There is also a number of countries where the tax rates in motor vehicle taxes depend on the fuel efficiency of the vehicles in question – which is closely linked to the CO2 emissions caused.
The report "The scope for CO2-based differentiation in Motor Vehicle Taxes" discusses the theory behind the use of such differentiation in vehicle taxes, both in general and in the context of an economic crisis. When the economy is in equilibrium, theoretical principles suggest a limited role for such differentiation. However, if it is considered necessary to provide some form of support to the motor vehicle sector, the use of policy measures that also reflects environmental considerations is advisable.
The report "Incentives for CO2 Emission Reductions in Current Motor Vehicle Taxes" describes the use of CO2-related tax rate differentiation of vehicle taxes as of 1st January 2009. A finding of the analysis is that in a number of cases, the incentives given to limit CO2 emissions from motor vehicles are very high compared to the abatement incentives provided to other sectors of the economy. Calculated per tonne of CO2 emitted over the lifetime of the vehicle concerned, the taxes for high-emission vehicles can reach several hundreds of Euro. It should here be remembered that each tonne of CO2 causes the same environmental harm, regardless of how much the vehicle emits per km driven. It should also be kept in mind that these abatement incentives come on top of the similar incentives provided by the taxes on the fuels that the vehicles use.

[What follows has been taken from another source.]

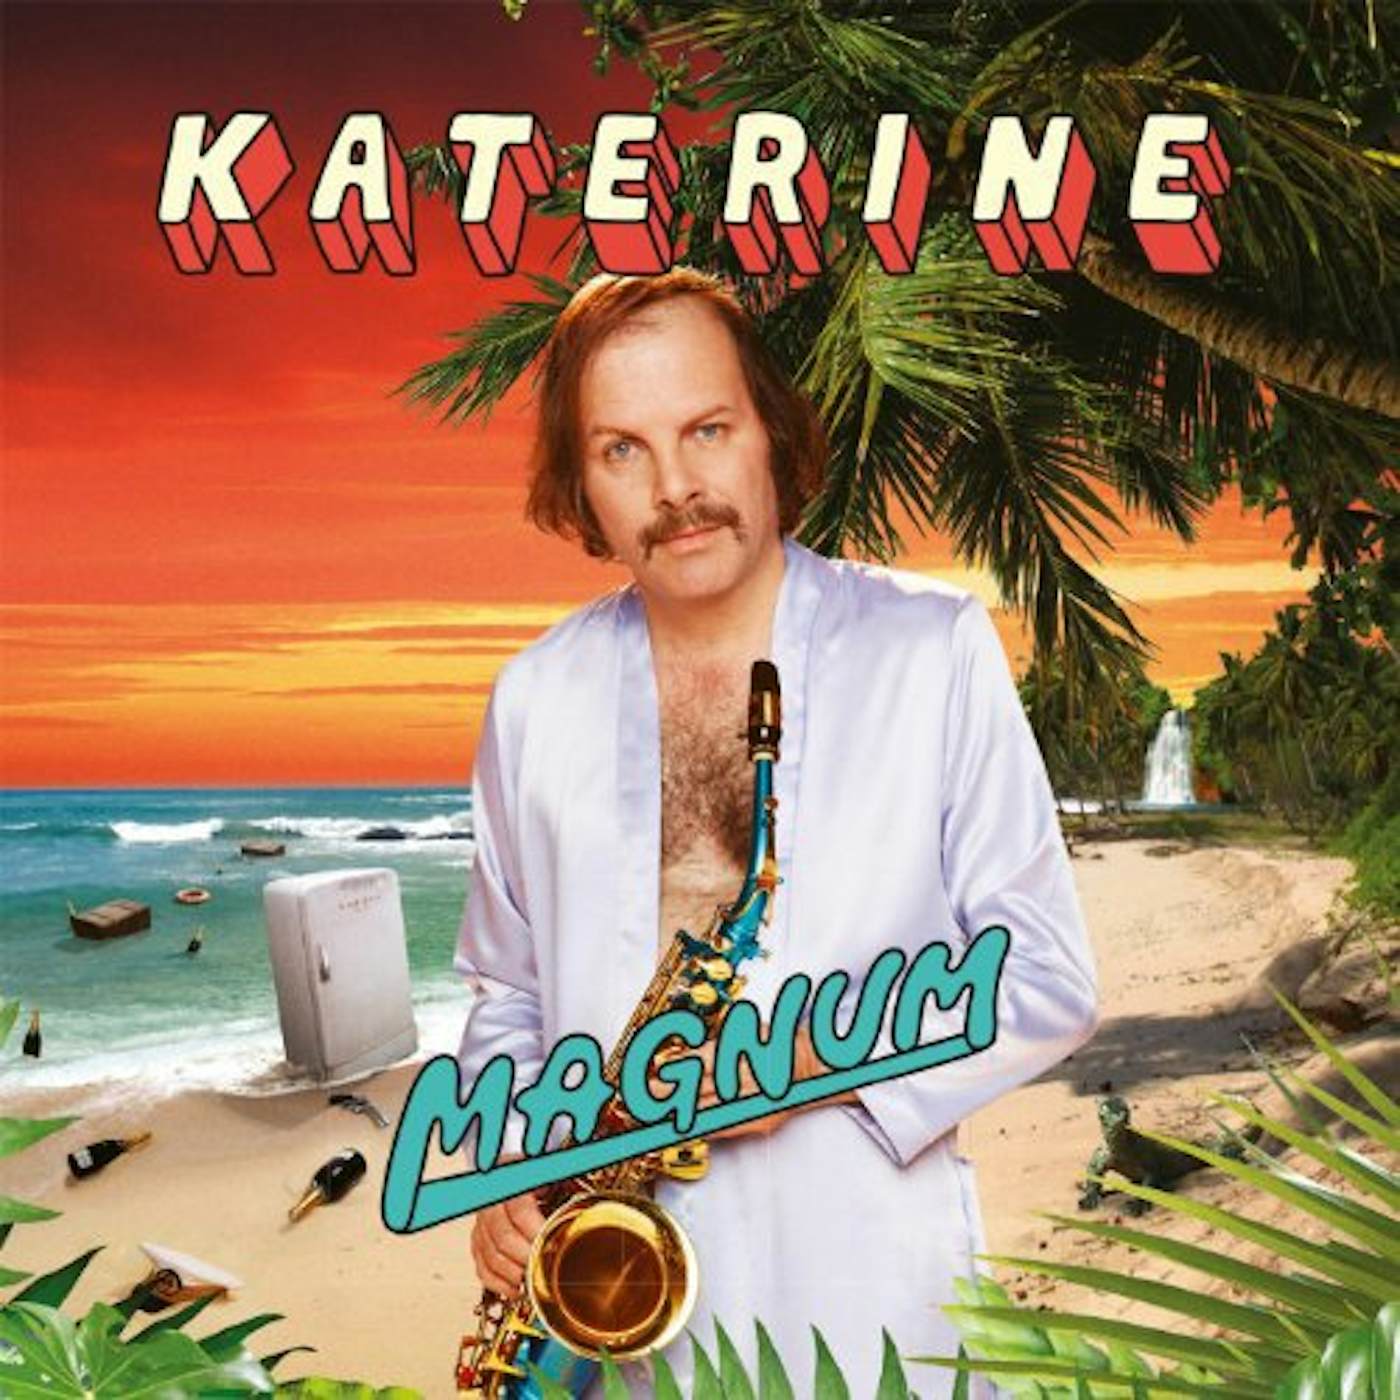 Philippe Katerine MAGNUM Vinyl Record - Limited Edition

A possible danger with a vehicle taxation system that places too much attention to CO2 emissions is that it can contribute to a further shift in the vehicle fleet, from petrol-driven to diesel-driven vehicles. Given that the environmental harm caused by vehicles with diesel engines (via emissions of NOx and fine particulates) is much larger than the harm caused by petrol-driven vehicles, such a shift in the fleet composition ought to be discouraged.
The vehicle fleet composition is also strongly affected by the taxes applied to different vehicle fuels. In a large majority of OECD countries, tax rates on diesel are lower that the tax rates on petrol.